Goldman Sachs Sped Up $65 Million in Stock Awards to Dec. 31

Goldman Sachs Group Inc. accelerated delivery of $65 million in stock awards to 10 executives, including Chief Executive Officer Lloyd C. Blankfein, helping them avoid higher tax rates that take effect this year.

The awards are of restricted stock granted for years prior to 2012, according to 10 separate filings made public at about 8 p.m. New York time on Dec. 31. Each executive sold between 45 percent and 50 percent of their stock in order to pay taxes, according to the filings.

Goldman Sachs, the fifth-biggest U.S. bank by assets, typically delivers executives’ restricted stock during the month of January. The decision to speed up this year’s awards came as the U.S. Congress debated and ultimately passed a bill that would increase tax rates on capital gains and on individuals who make taxable income of $400,000 or more.

“The December delivery of shares went to a wider group of employees than the named executive officers” who were included in the filings, Michael DuVally, a spokesman for the New York- based firm, said.
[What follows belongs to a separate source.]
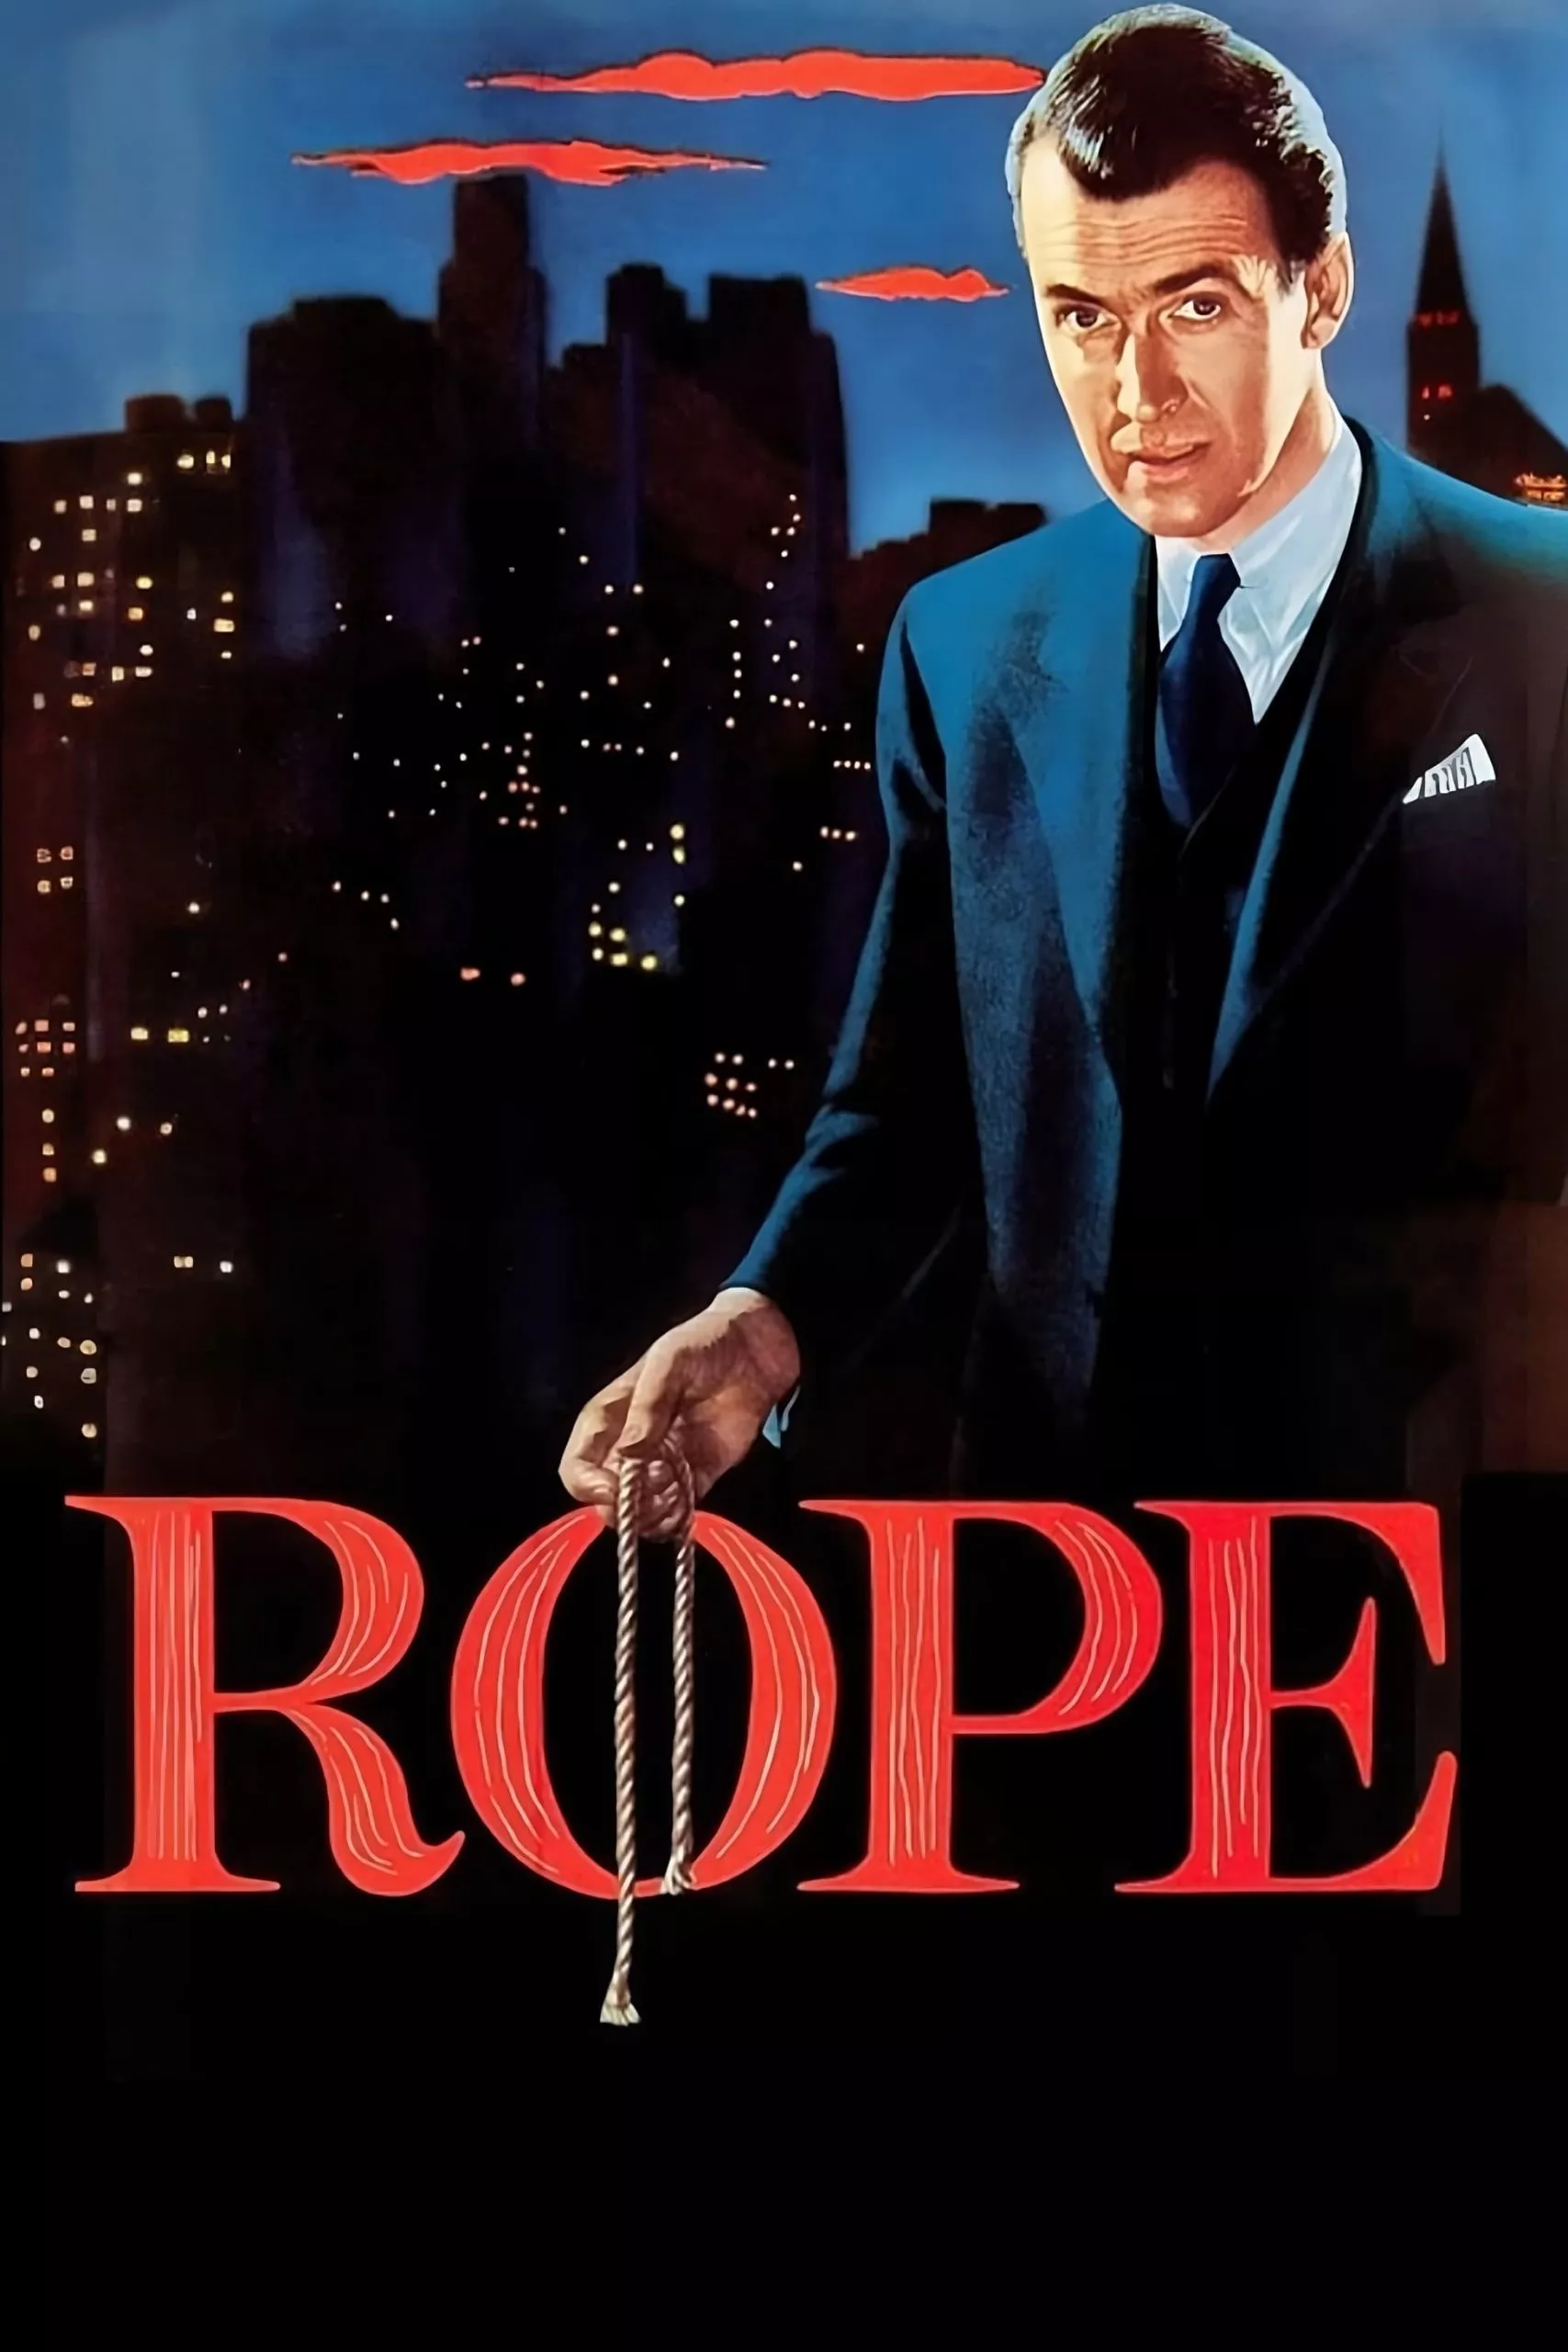 Rope (1948) เชือก
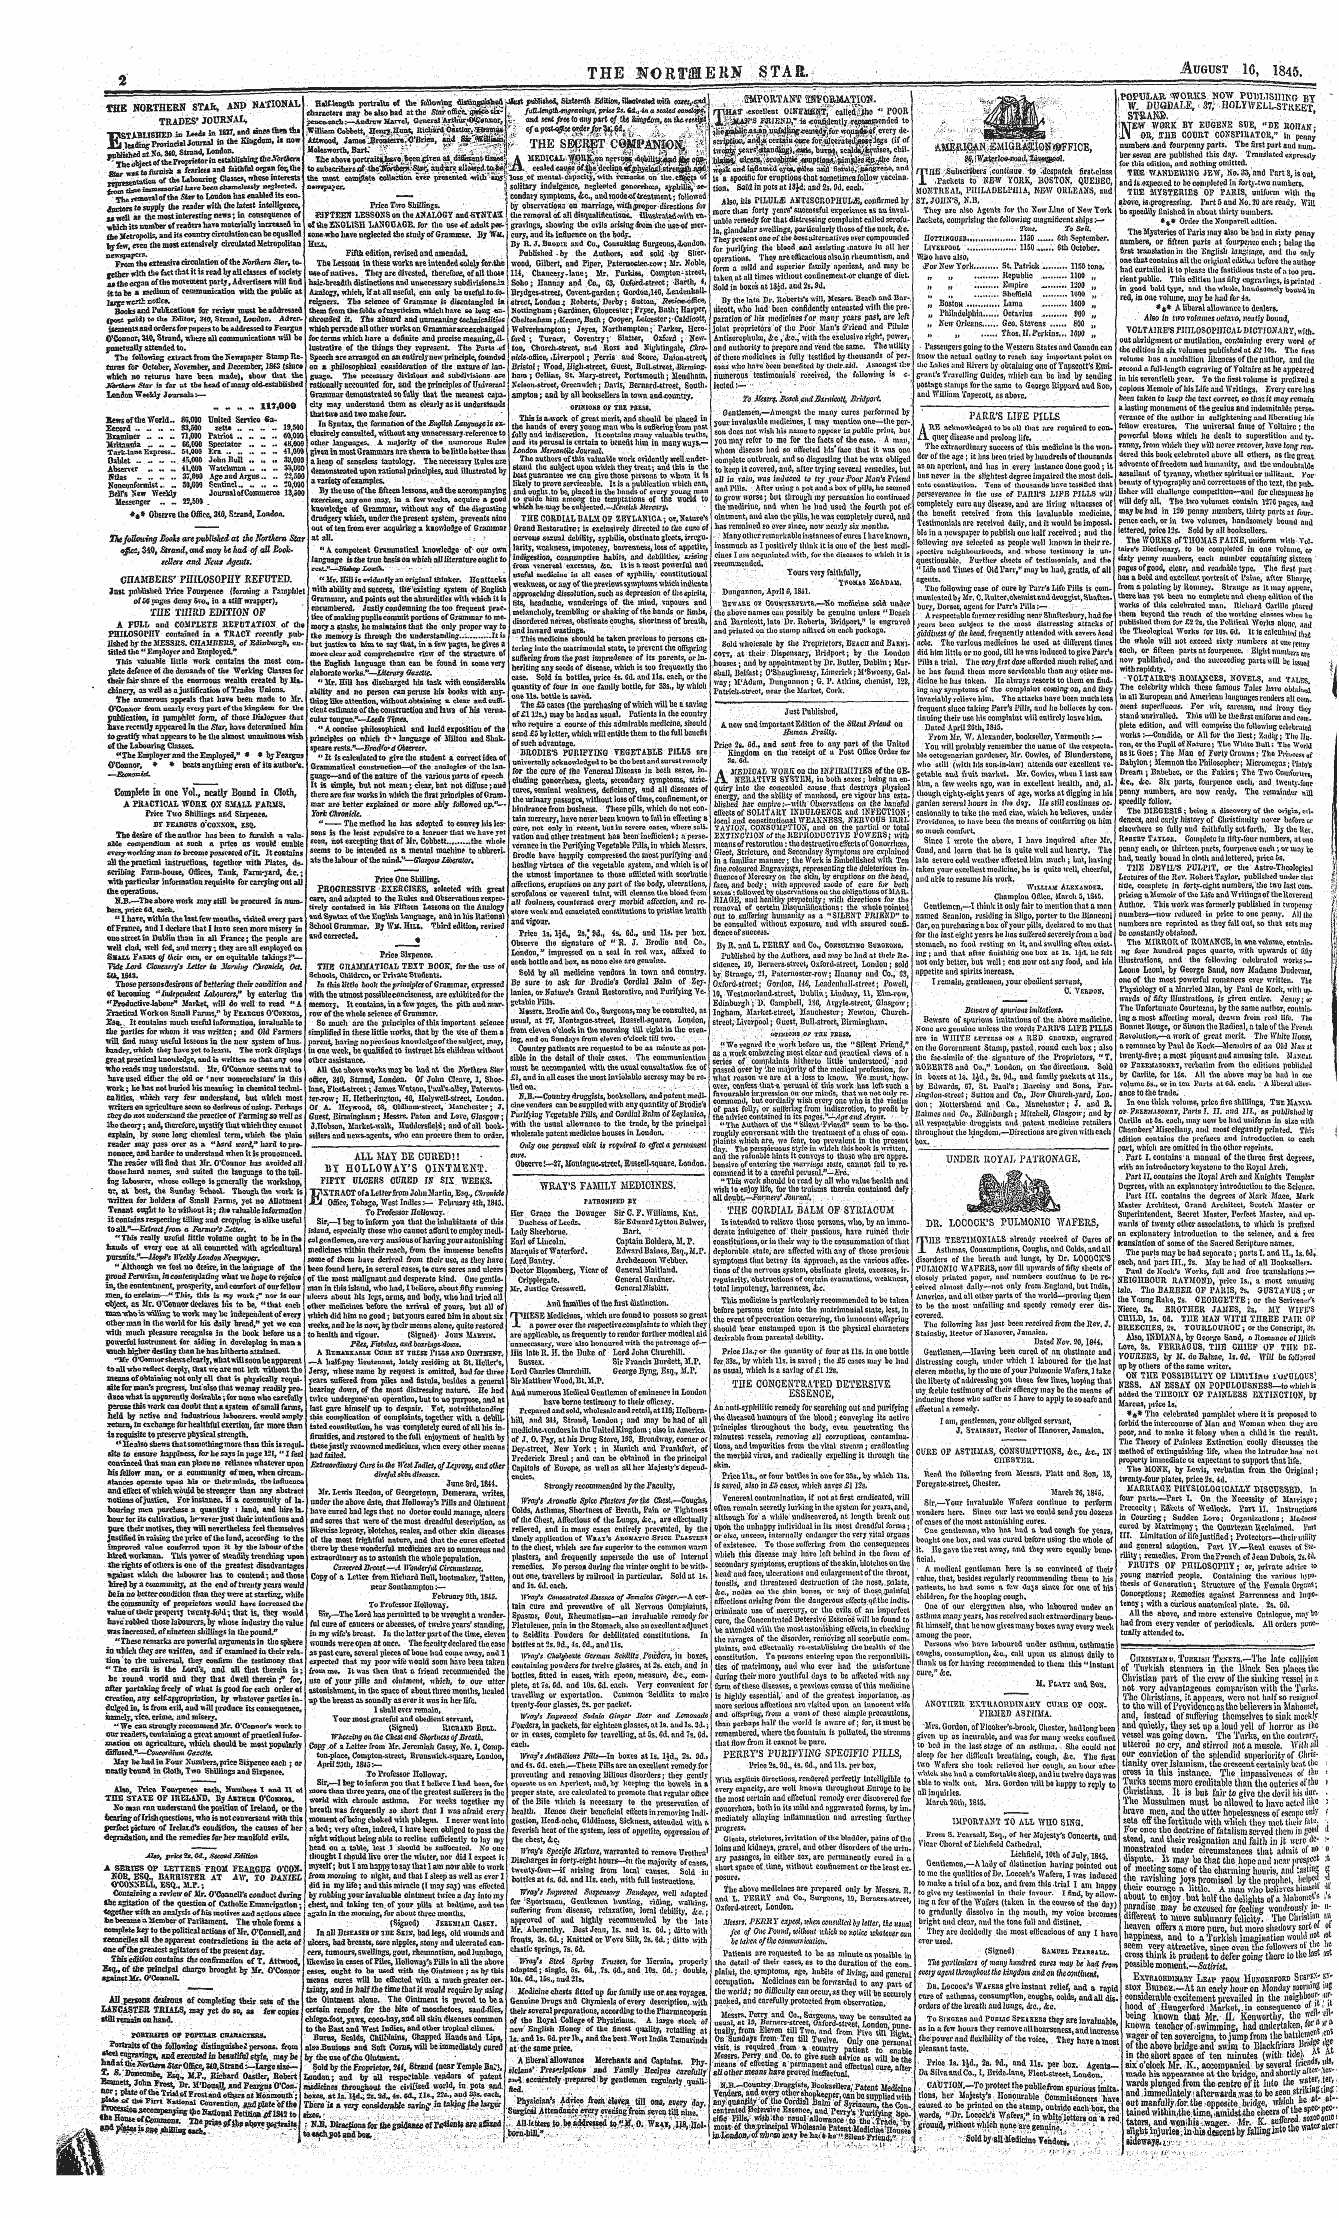 Northern Star (1837-1852): jS F Y, 3rd edition - Ad00205

He declined to comment on the reason for the accelerated delivery.

The filing included a table showing the stock delivered to each of the executives and the amount sold for withholding purposes, according to company filings.

For more, click here.

To contact the reporter on this story: Carla Main in New Jersey at cmain2@bloomberg.net.

To contact the editor responsible for this report: Michael Hytha at mhytha@bloomberg.net.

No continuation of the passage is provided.